▶ DATA PROVIDED:

- - - - - - -

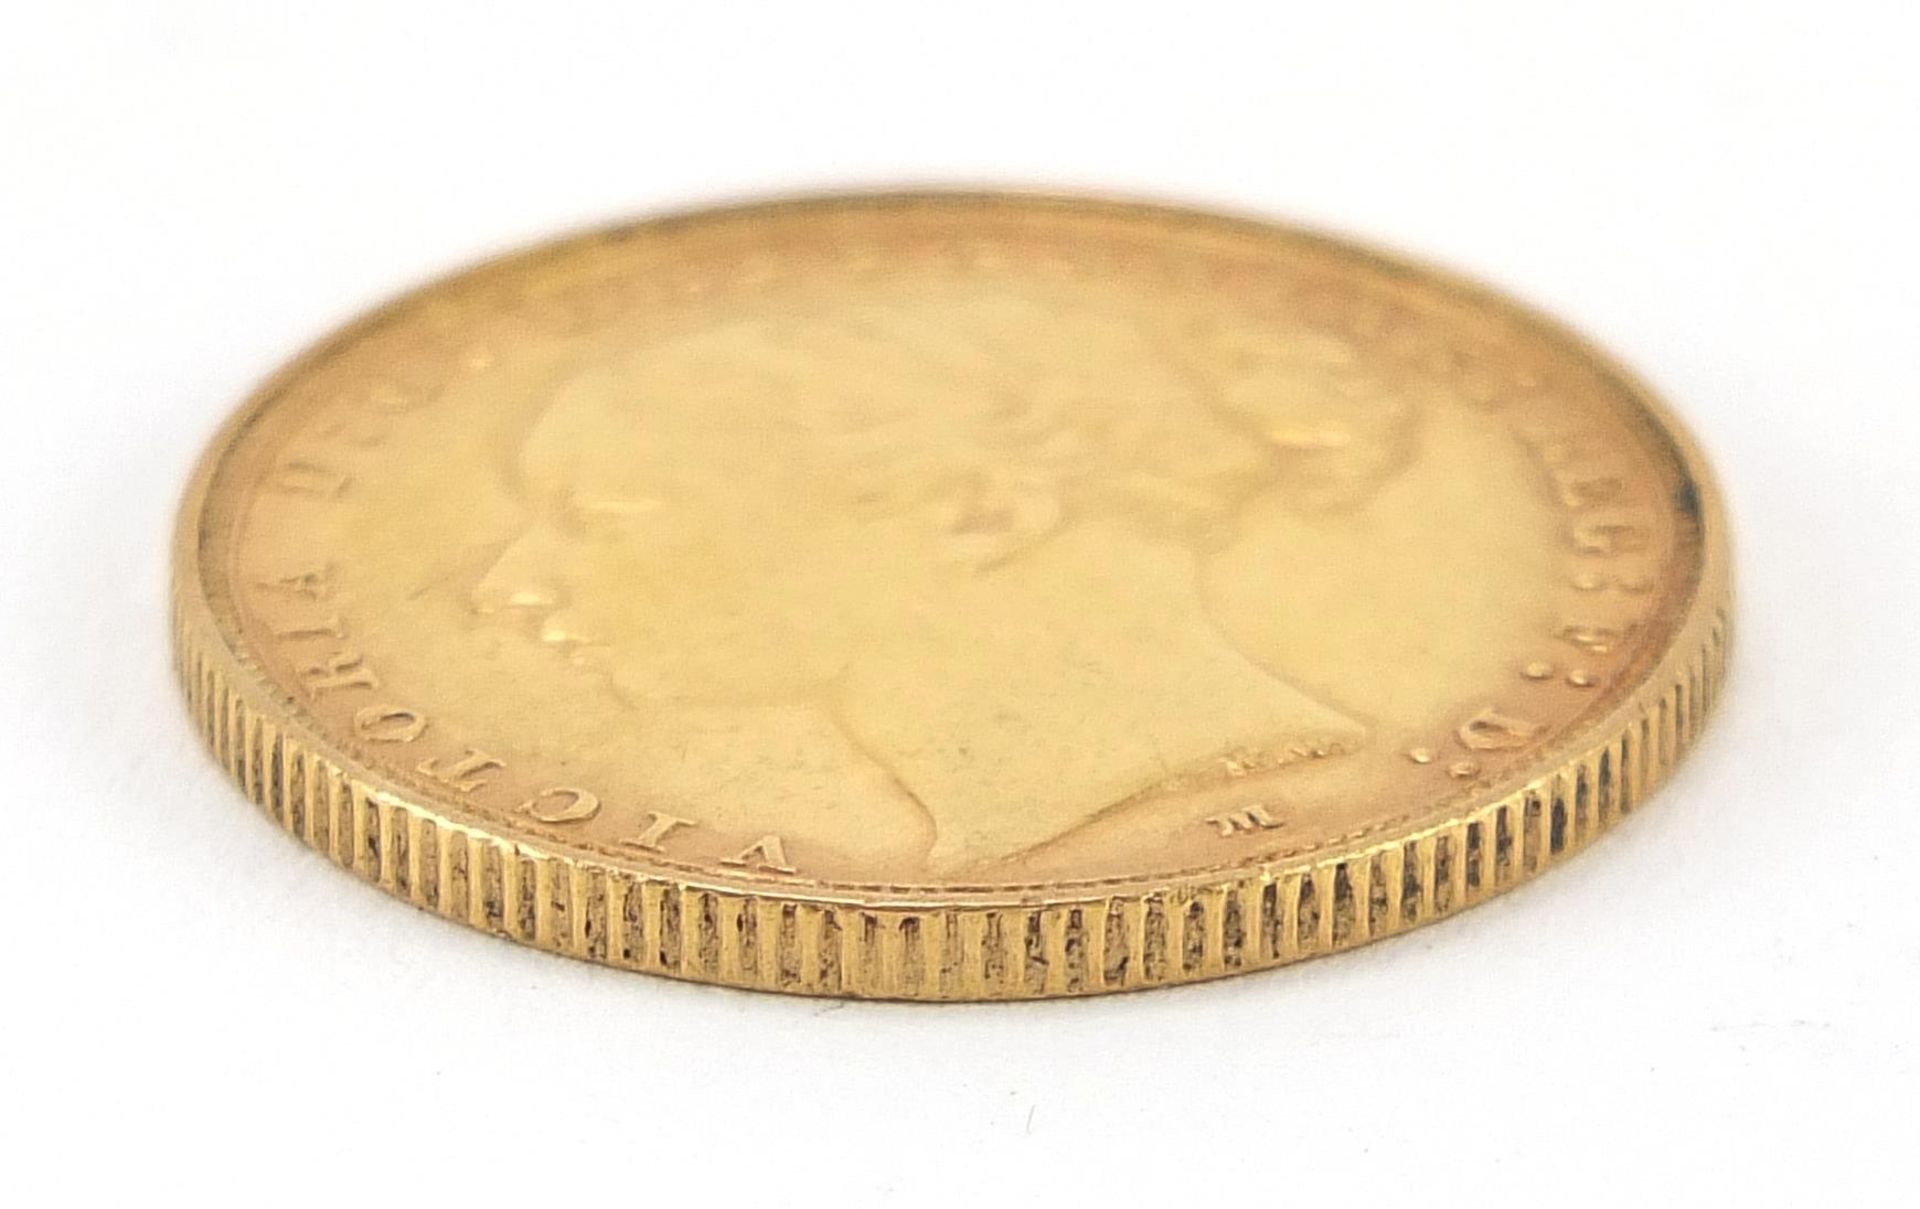 Queen Victoria Young Head 1886 gold sovereign, Melbourne mint - this lot is sold without buyer's pr - Image 3 of 3
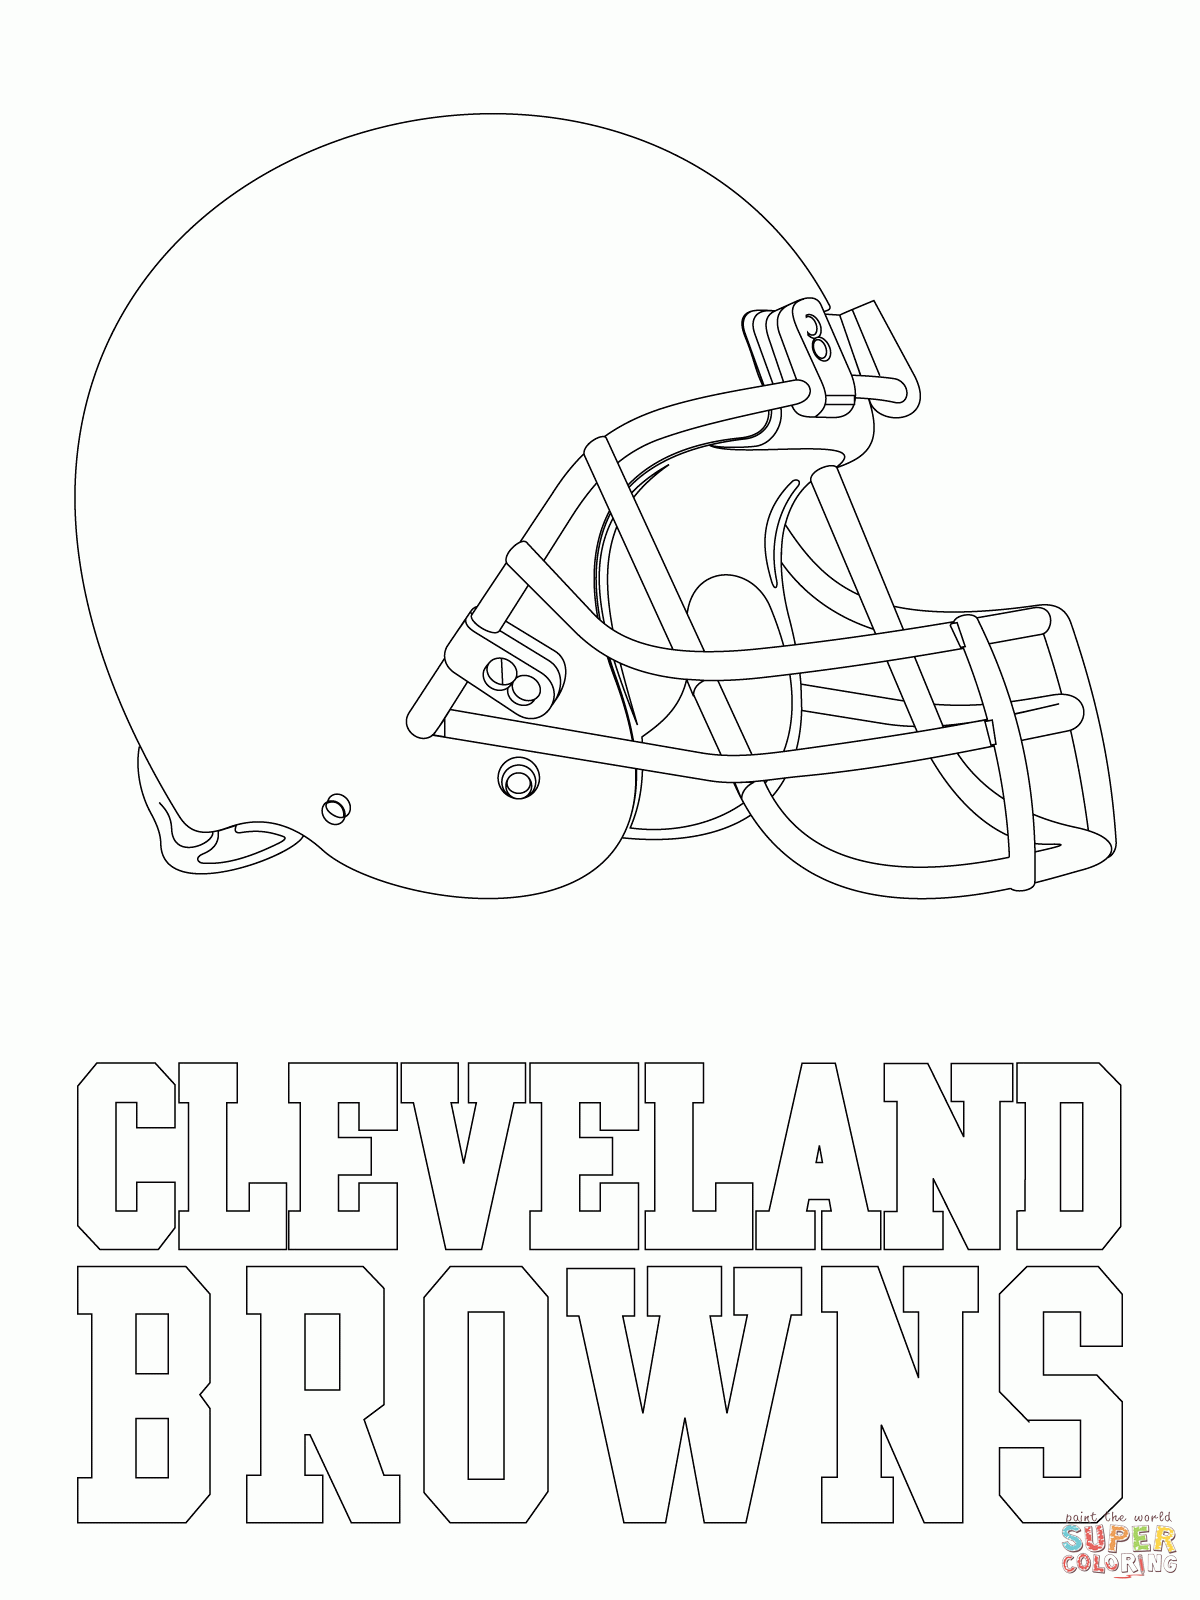 Cleveland Browns Logo coloring page | Free Printable Coloring Pages
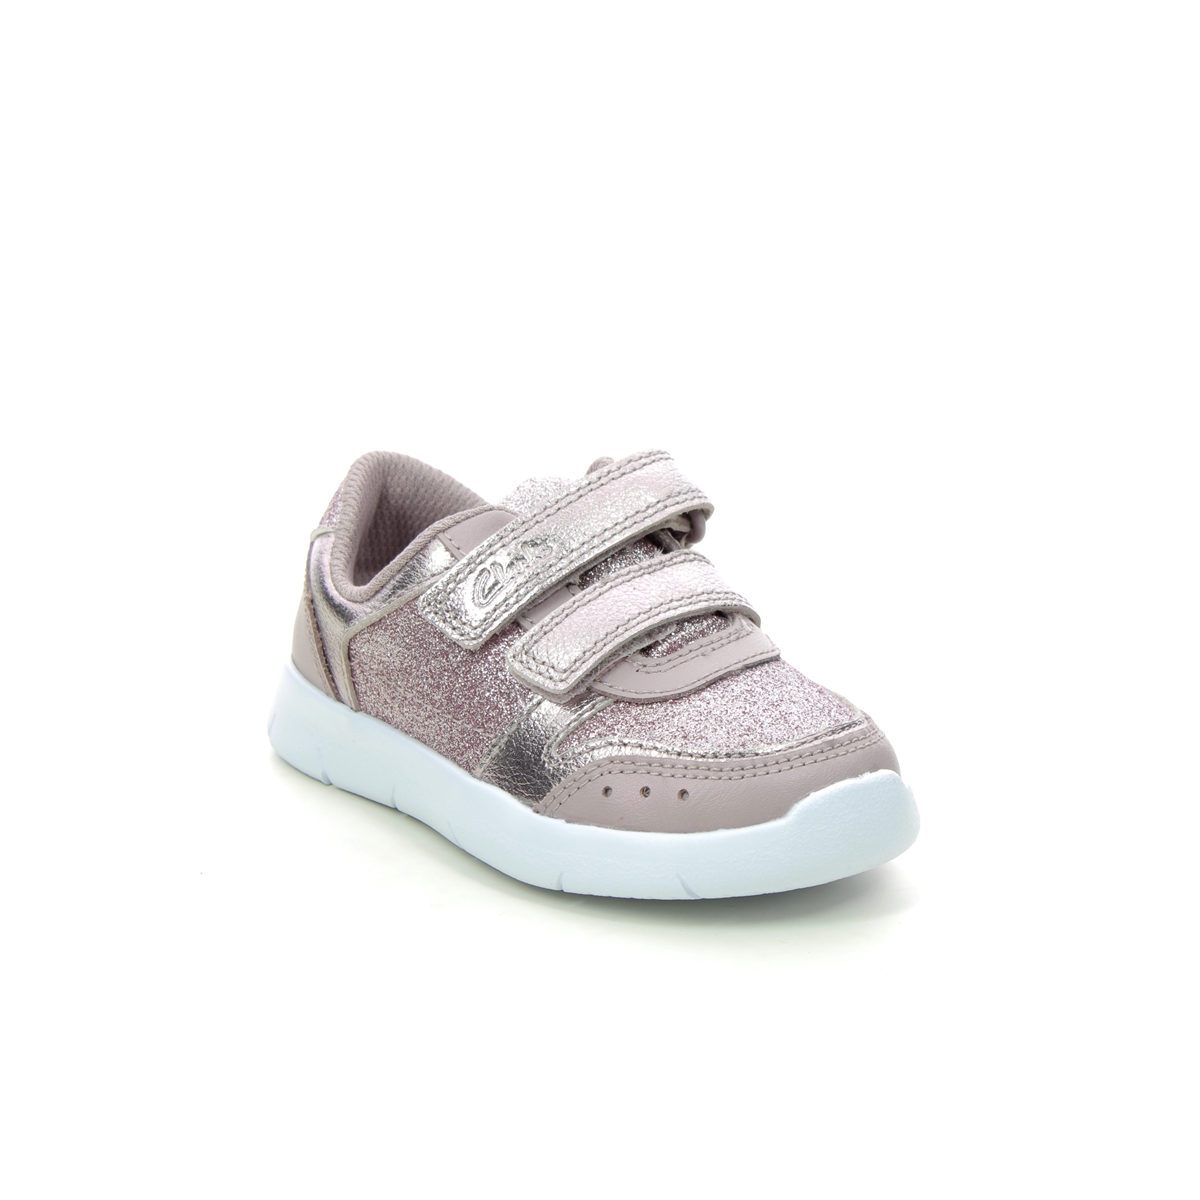 Clarks Ath Sonar T Pink Kids Toddler Girls Trainers 683727G In Size 5.5 In Plain Pink G Width Fitting For kids
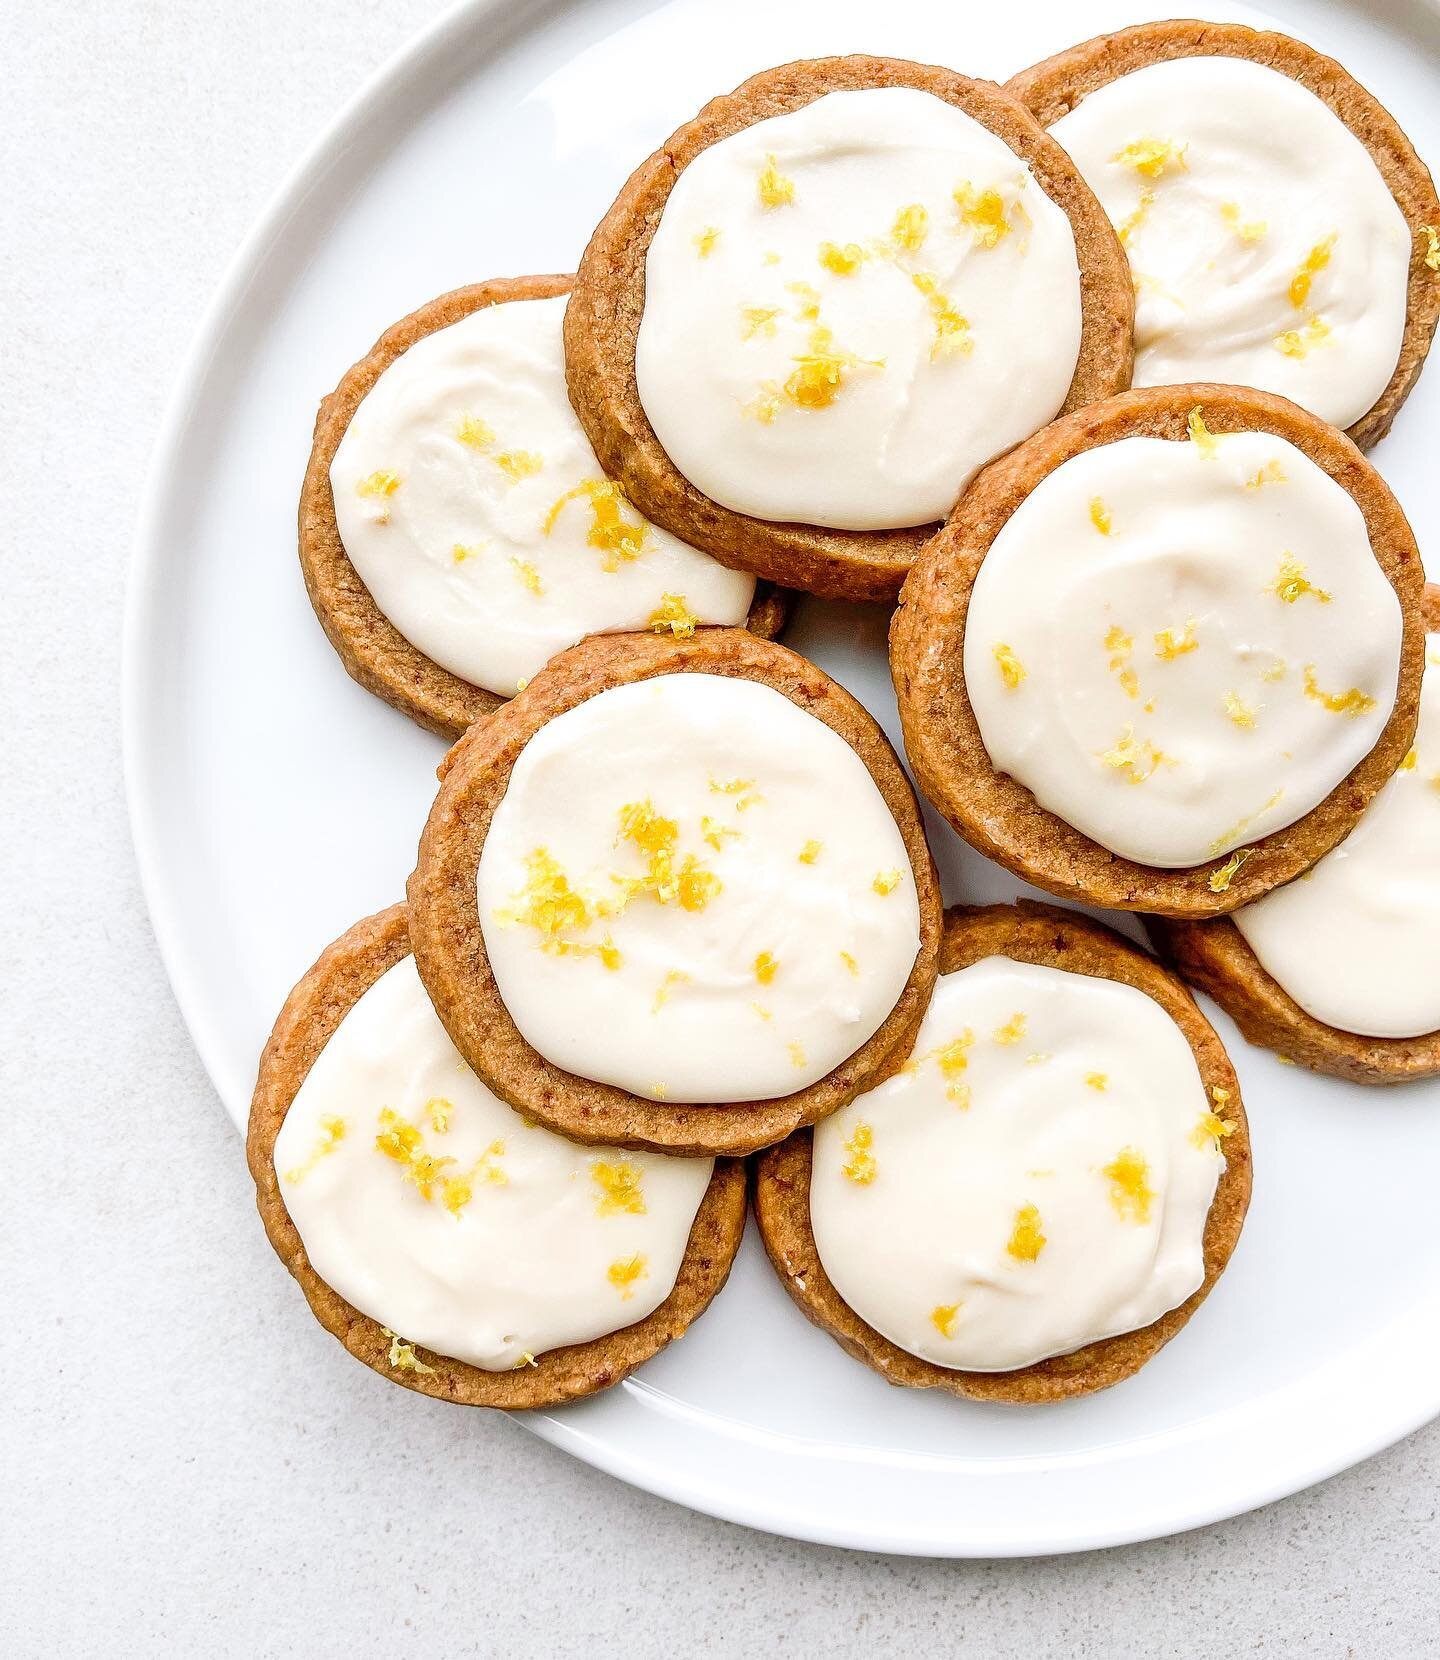 ✨Slice &amp; Bake Lemon Shortbread Cookies✨ These delicious cookies are topped with a sweet and tangy lemon frosting. They are the perfect bite to have with your morning cup of coffee, or as an after dinner treat! Grab the recipe from the link in my

- - - - - - -

▶ WHAT THE EXERCISE ASKS: Reproduce the material above from its first line through the line containing "Cleveland Browns Logo", both ends included, and skip every picture.

▶ SOLVED PROBLEM:
 Queen Victoria Young Head 1886 gold sovereign, Melbourne mint - this lot is sold without buyer's pr - Image 3 of 3
 Cleveland Browns Logo coloring page | Free Printable Coloring Pages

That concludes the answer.